İranlı uzmanlar Türkiye’ye gelip ilahiyat fakültelerinde fıkıh dersi verecekler” iddiasını Diyanet yalanladı. 

Yani böyle bir şey yok. 

Ama palavra yayıldı bir kez. 

“Saman meselesi” gibi dinler dururuz. 

“İstanbul Havalimanı’ndaki pistlerin yönleri yanlış hesaplanmış bu yüzden uçaklar iniş yapamıyor” iddiasına da anında yalanlama geldi. 

Geldi de ne oldu? 

Milyarlık yatırımın hesapsız, kitapsız hayata geçirilmiş olabileceğine inanmak  isteyenler aynı türküyü söylemeye devam ediyor. 

Her gün ama her gün aynı hikaye. 

Sabah erken kalkan atıyor ortaya bir yalan sonra kırk akıllı kuyudan taşı çıkarmaya çalışıyor. 

Peki bu yalan furyası organik mi? 

Olmaz, olamaz. 

Ortada “planlı istihbarat çalışması” var. 

Nesebi gayri sahih söylentiler tesadüf değil. 

Tek merkezden yönlendirilen algı operasyonları “milli güvenlik tehdidi” haline geleli bin yıl oldu. 

“Muhatap almayalım, kimse inanmaz zaten, işi gücü bırakıp yalanlarla mı uğraşacağız” dedik durduk, sonuç ortada. 
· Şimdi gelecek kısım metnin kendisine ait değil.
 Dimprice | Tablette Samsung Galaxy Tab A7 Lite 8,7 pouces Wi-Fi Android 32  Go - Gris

Evet, bu yalanlar üzerinden prim yapmaya çalışanları muhatap almamak, bunların görünürlüklerini artırmamak doğrudur da ortaya atılan yalanların dallanıp budaklanıp her yanı sarmasına da fırsat verilmemeli. 

Organize kötülük bu. 

Dağınık mücadele sonuç vermez, vermiyor. 
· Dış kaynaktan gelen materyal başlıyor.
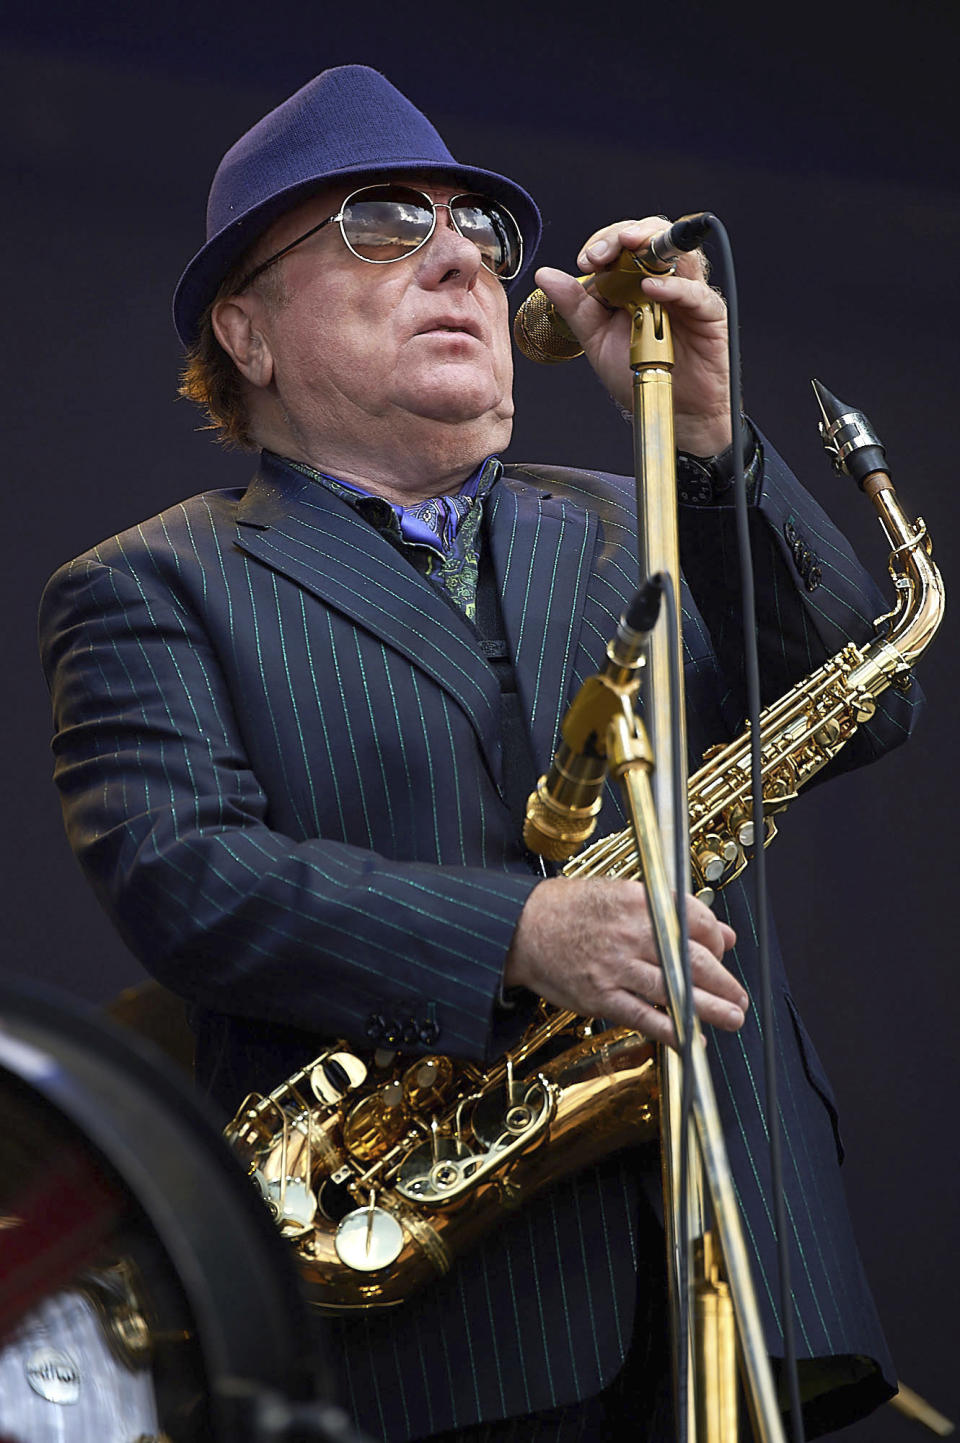 Van Morrison performing in concert at the 2018 British Summer Time Music Festival in Hyde Park. (zz/KGC-247/STAR MAX/IPx)

Çare, Simultane (eşzamanlı) enformasyon. 

Bir iş yapılıyorsa bunun iletişim stratejisi daha en baştan belli olacak. 

Sonra yalanları yalanlamaktan doğruları konuşmaya fırsat kalmıyor. 
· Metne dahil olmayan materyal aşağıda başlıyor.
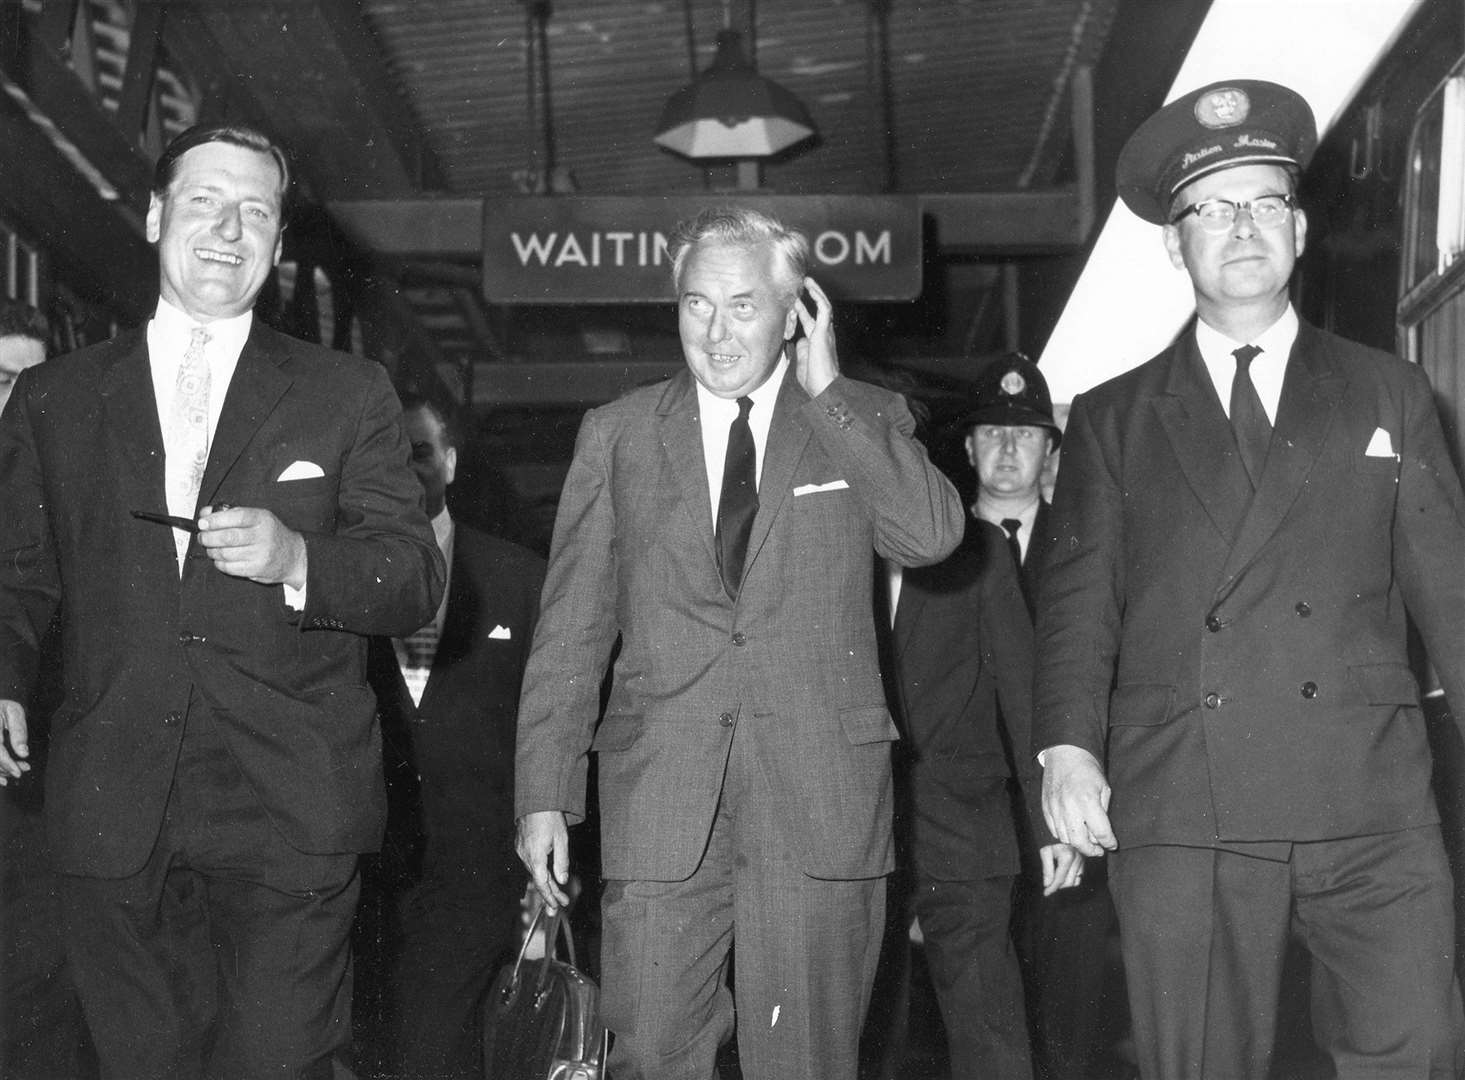 Prime Minister Harold Wilson, who reportedly briefed officials against showing the film, arrives at Dover Marine Station for a visit to the town in 1964. Photo: Jon Iverson, Dover Museum

Ayrıca yaptığı işin farkında olmayan, 3 tane düzgün cümle kurup neyi, neden, nasıl yaptığını izah edemeyenlerden kaynaklanan riskin büyüklüğü fark edilmeli. 

Kaşınıp kanırtılmaya hatta kanatılmaya müsait zaaf noktalarını kollayanlar meydanı boş bulmamalı. 

Daha geçenlerde İmamoğlu çıktı ve “Kanal İstanbul deprem riskini tetikler” diyebildi. 

Bu saçmalığı doğrulayabilecek tek bir bilimsel çalışma olmadığı halde. 

Olamaz zira Kanal İstanbul’un güzergahında aktif fay hattı yok. 

Ama bir tane bilim insanı  “böyle rezalet olmaz” dedi mi? 

Resmi merciler dışında bağımsız bilim insanlarından mesleklerinin onuruna yakışan bir tavır görmedik. 

Niye görmüyoruz? 

Sahtekarlık normalimiz olmayacaksa bari bu soruya cevap bulalım.